She pulled away from him and wedged herself upon one arm.

‘Do you think it will work, Charlie?’

‘It’s got to,’ replied the man.

‘For whom?’ she demanded. ‘You. Or the department?’

‘Both,’ said Charlie, immediately. ‘It’s equally important for both.’

‘They’re only using you, darling,’ warned Janet, stretching back again. ‘They’ll fuck you in the end if it serves a purpose.’

‘Yes,’ agreed Charlie, softly. ‘That’s the worrying thought.’

(12)

The distrust was tangible, a positive obstruction between them, thought Charlie, sitting comfortably in the Director’s office.

He’d created the situation and was contented with it, examining the reactions like a researcher studying slides beneath a microscope.

Wilberforce was in his accustomed chair, examining his peculiar hands as if seeing their oddness for the first time and Cuthbertson was attempting to improve the design on an already tattooed blotter. He regretted now his earlier agreement to the Moscow tape recording being played in full, guessed Charlie.

Ruttgers stood by the window, driven there by the anger that had pulled him from the chair as the Neskuchny Sad recording had echoed in the lofty room. The American Director was swirled in a cloud of tobacco smoke.

Braley perched in the stiff, uncomfortable chair, pumping at his inhaler.

‘I repeat what I have already told Sir Henry,’ protested Ruttgers, staring out into Parliament Square. ‘Kalenin, if indeed the voice we have heard is that of Kalenin, is lying.’

‘To what purpose?’ enquired Charlie, in apparent innocence.

‘What right have you got to question me?’ demanded the American, imperiously.

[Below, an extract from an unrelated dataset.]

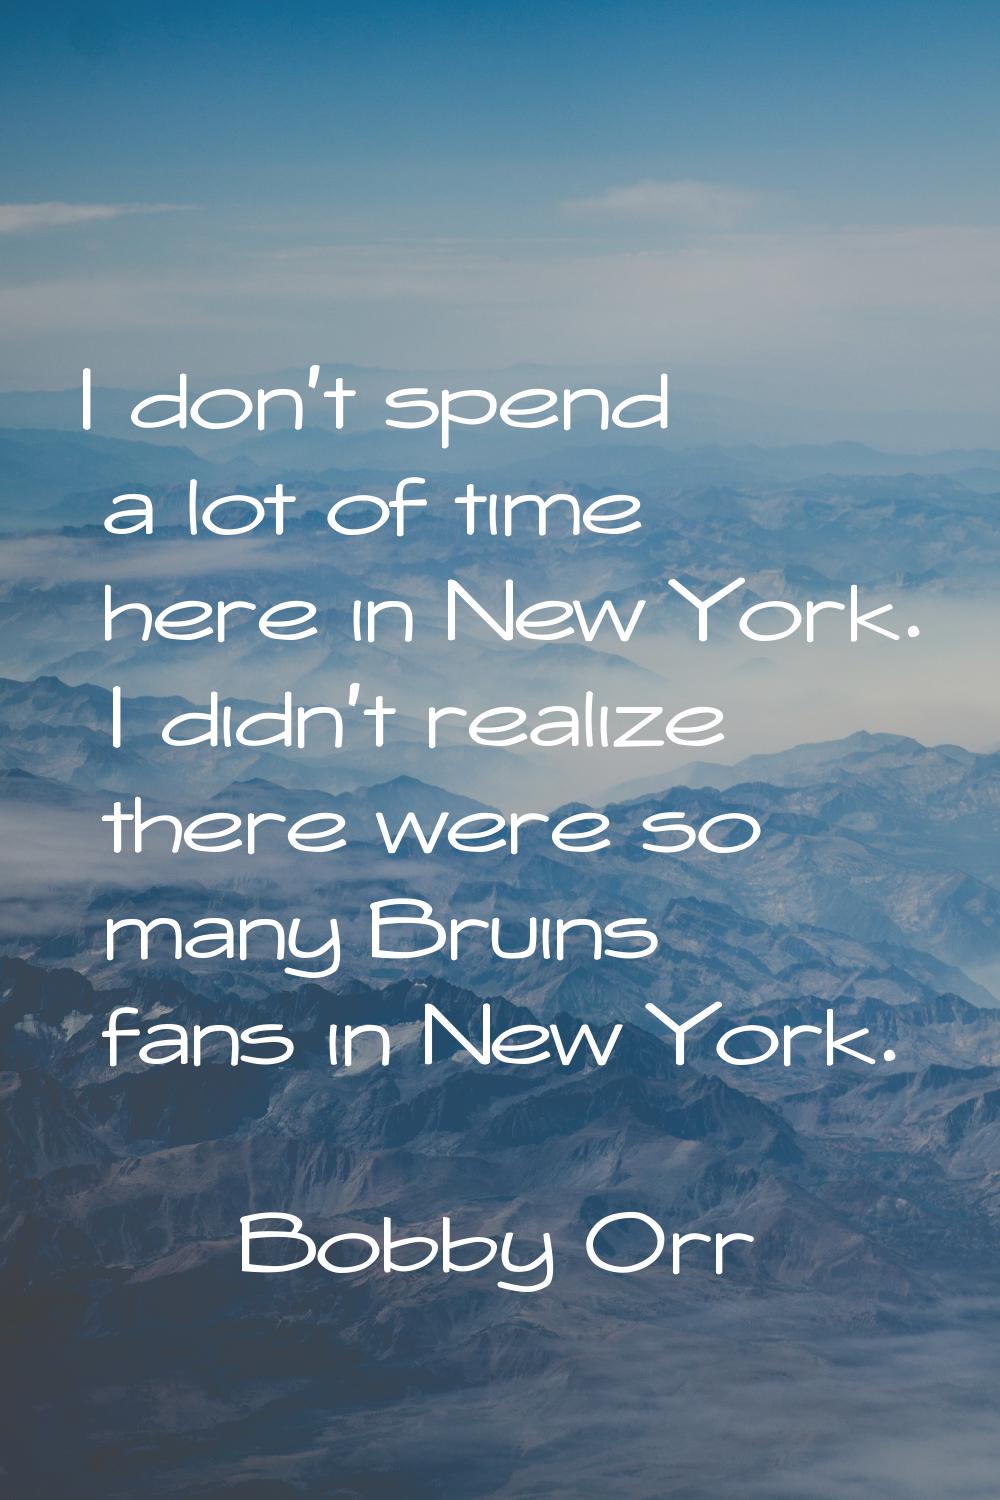 I don't spend a lot of time here in New York. I didn't realize there were so many Bruins fans in Ne

‘The right of a man whose two colleagues have already perished as a result of C.I.A. involvement and whose neck is currently on the block,’ retorted Charlie, judging the offence.

Ruttgers looked at Cuthbertson for rebuke, but when none came reiterated, ‘The C.I.A. did not inform upon your operatives.’

‘Then what can it mean?’ coaxed Charlie. This encounter couldn’t have gone better, he thought.

‘That he was lying,’ said Ruttgers, without thought. ‘Or that it isn’t really Kalenin.’

‘Do you really feel that?’ seized Cuthbertson, ahead of Charlie, but prompting for different reasons.

‘It’s a reasonable assumption,’ said the American.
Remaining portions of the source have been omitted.